Friday, 3 August 2012

Draghi's Drag.....

TGIF folks!!!

"It is pointless to bet against the euro, its pointless to go short on the euro because its here to stay and its irreversible", so says Draghi but not my bank account!  :)  

So did you witness and experience the full moon effect last evening? This is one great example of the kind of volatility one should be mentally prepared for.... smacked on the exact day itself. Not enough of action? we still have the US employment numbers tonight though I do not foresee a move of the same magnitude.

Let's recall the sequence of events..... E$ stayed firm throughout the session into ECB's rate announcement and reached 1.2300 on buying around the ECB fixing. It pushed further to 1.2330 ahead of Draghi press conference. E$ then spiked to touch 1.2406 high as Draghi hinted at bond buying. But on further analysis, market became uncomfortable with the "may buy" and very quickly sellers emerged and sold the E$ big time as it slid to 1.2173 within 30 minutes! Clearly, the pair was gunning for stop loss orders at 1.2180 and 1.2170. E$ subsequently hit the low of 1.2133 before it consolidates for the rest of the night.

On the stop loss orders, no updates yet as all were flushed yesterday. But it was really useful to learn that buy stop orders were lurking at 1.2310 and 1.2350 by late afternoon before the ECB announcement. That actually had me thinking if we may see a deeper 'B' wave and revert to Wednesday's resistance levels ('Mark time for FOMC', 1Aug). In detail, from 1.2390-1.2227-1.2336-1.2218 actually formed a-b-c (A wave) and a-b-c-d-e (Irregular B wave) and then from 1.2406-? (C wave).

Technically, we probably have seemed the completion of the 3rd wave of the 'C' and in the process of 4th before another dip for 5th wave to complete the corrective 'C' wave. Intraday indicators are in o/s levels though not extreme but this consolidation should unwind a little. Shorter intraday day momentum is still pointing lower but longer intraday ones are still suggesting range consolidation between 1.2050 to 1.2370 now. There are signs of mild bullish divergence and that probably reinforced the view that we are nearing a bottom from yesterday's sell-off.
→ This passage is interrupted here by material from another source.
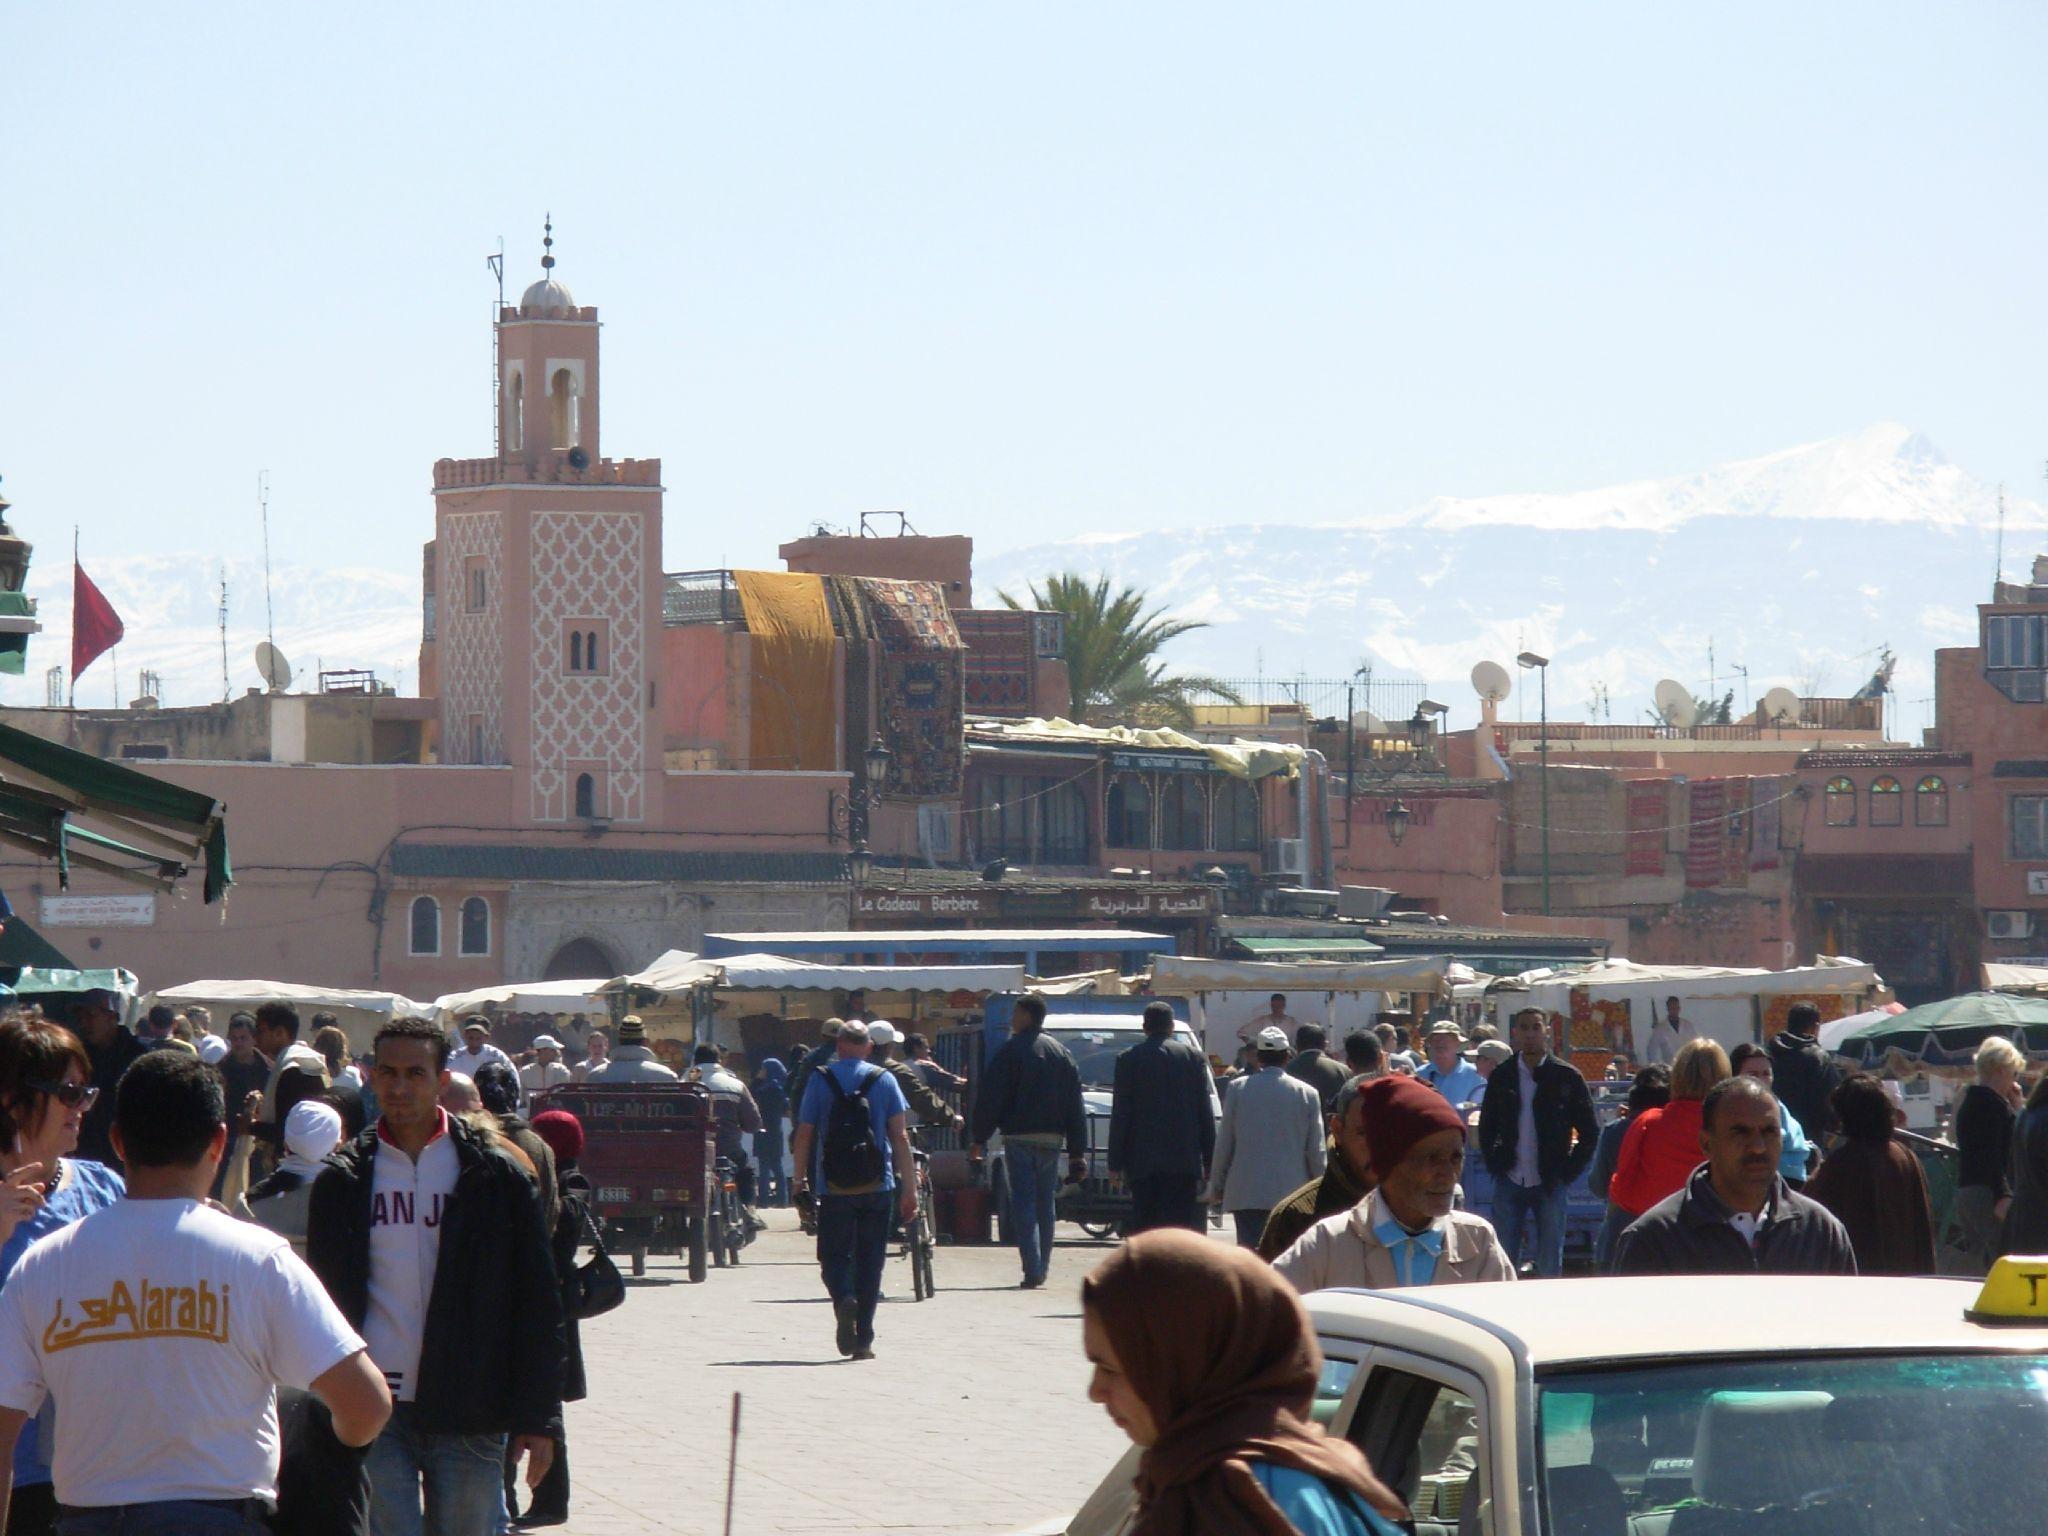 Maroc ... Marrakech, place Jemaa el fna

That being said, I must warned that I still have mixed signals because my weekly and monthly momentum indicator is still pointing firmly lower.
In short, risk/reward favors buying dips (provided 1.2220/30 is not seen first). 1.2100/10 to hold (1.2060/80 stronger support with 1.2042 being recent low) and 1.2220/30 first resistance and stronger at 1.2360/70. A break and close below 1.2042 would suggest a continuation of the bearish trend.
E$ 15min chart - Full moon effect
Apologies if I had it a little too technical today but just want to share my Elliot wave count with friends who can relate. All the best, stay nimble and have a great weekend.